HamidShojanazeri avatar Oct 29 '23 19:10 HamidShojanazeri

@HamidShojanazeri Thanks for your information. I think I am using FSDP and PEFT on the training task. The training arguments are as follows: CUDA_VISIBLE_DEVICES=0,1,2,3,4,5,6,7 torchrun --nnodes 1 --nproc_per_node 8 finetuning.py
--enable_fsdp --pure_bf16 --low_cpu_fsdp --use_peft
--peft_method lora
--batch_size_training 1 --gradient_accumulation_steps 4 --num_workers_dataloader 4 --num_epochs 2 --model_name ${local_path_of_the_weights} --dist_checkpoint_root_folder model_checkpoints --dist_checkpoint_folder fine-tuned --output_dir ${output}

I successfully trained and saved a LoRA adapter for a 7B model, using the same codes, but OOM occurred when I did the same on a 34B model. Later this week I will train the 7B model again, and record the GPU status when saving the adapter, to see if there will be a boost in mem usage.

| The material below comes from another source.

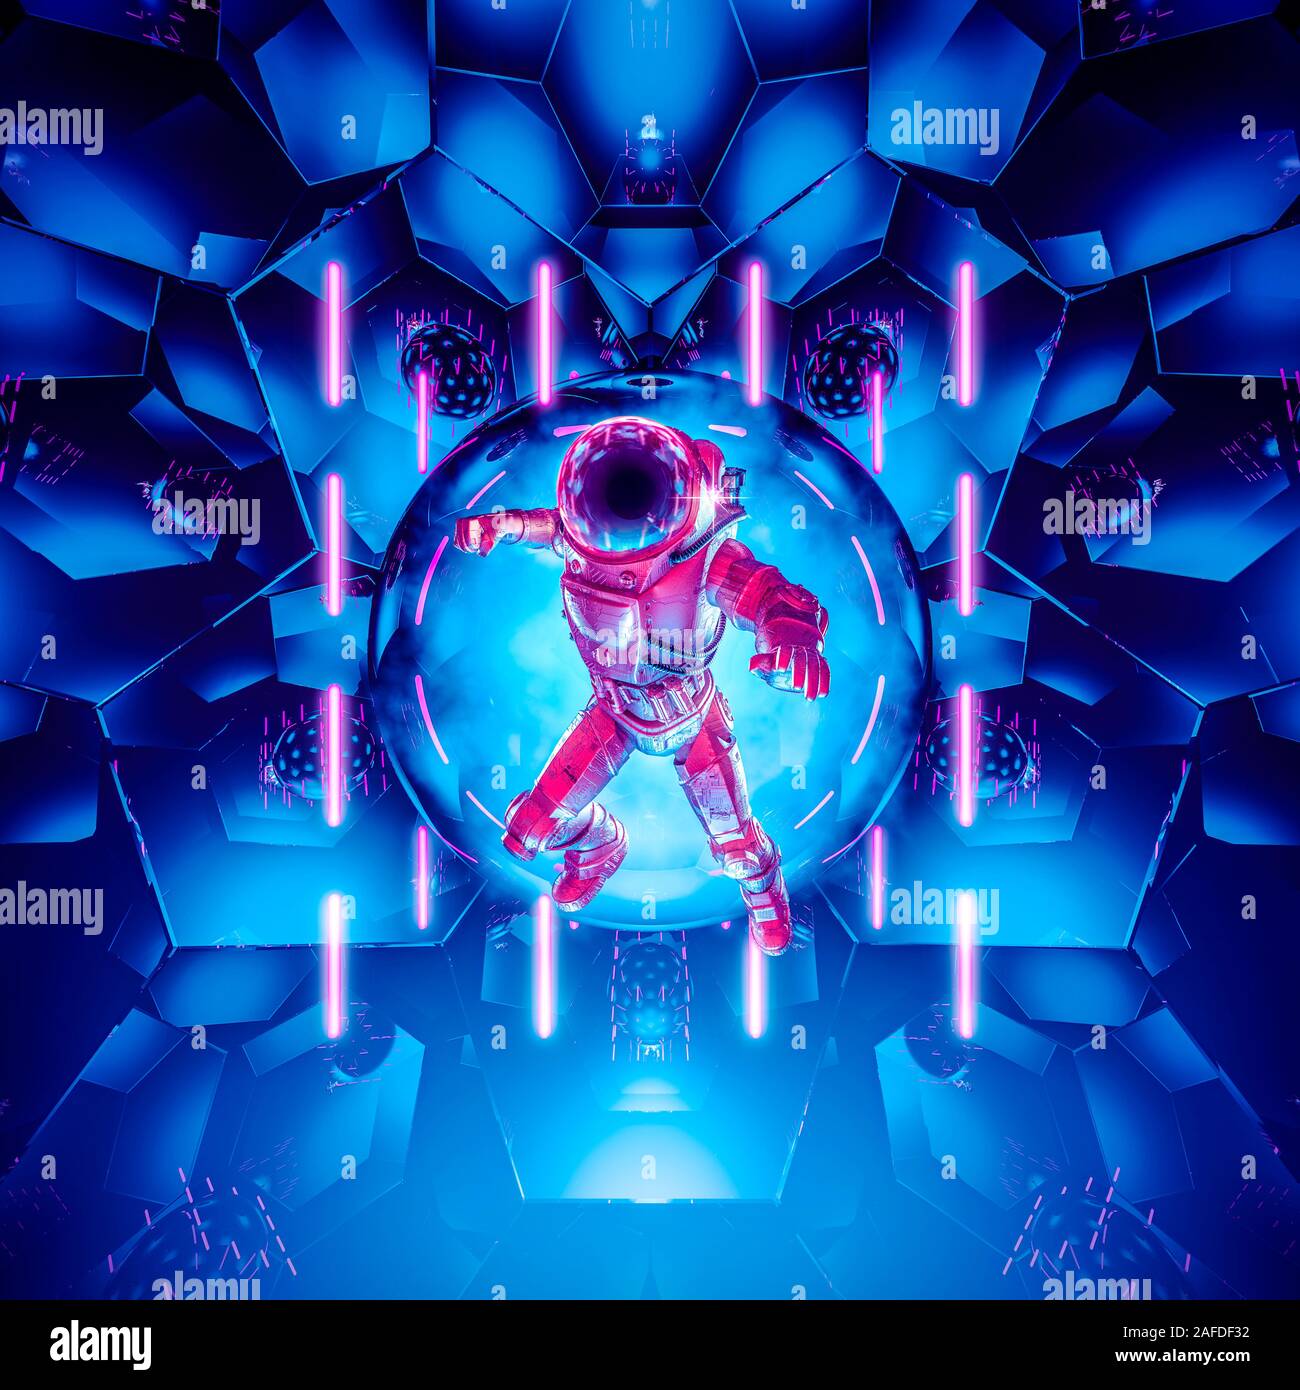 Unendliche Prisma Astronaut/3D-Darstellung der science fiction Szene mit dynamischen Astronaut im Weltraum schweben Anzug vor der leuchtenden Neonröhren Stockfoto

cyrishe avatar Oct 30 '23 01:10 cyrishe

Hey @cyrishe ,

Did you manage to solve this issue? I am encountering the same problem while trying to finetune 70B with FSDP and PEFT on 5 A100 x 80GB. I successfully managed to train the 7B model before with the same parameters and scripts.

Mugheeera avatar Mar 18 '24 10:03 Mugheeera

@Mugheeera this sounds to be a transformers bug, trying need to do more investigation but to unblock you (similar to this issue).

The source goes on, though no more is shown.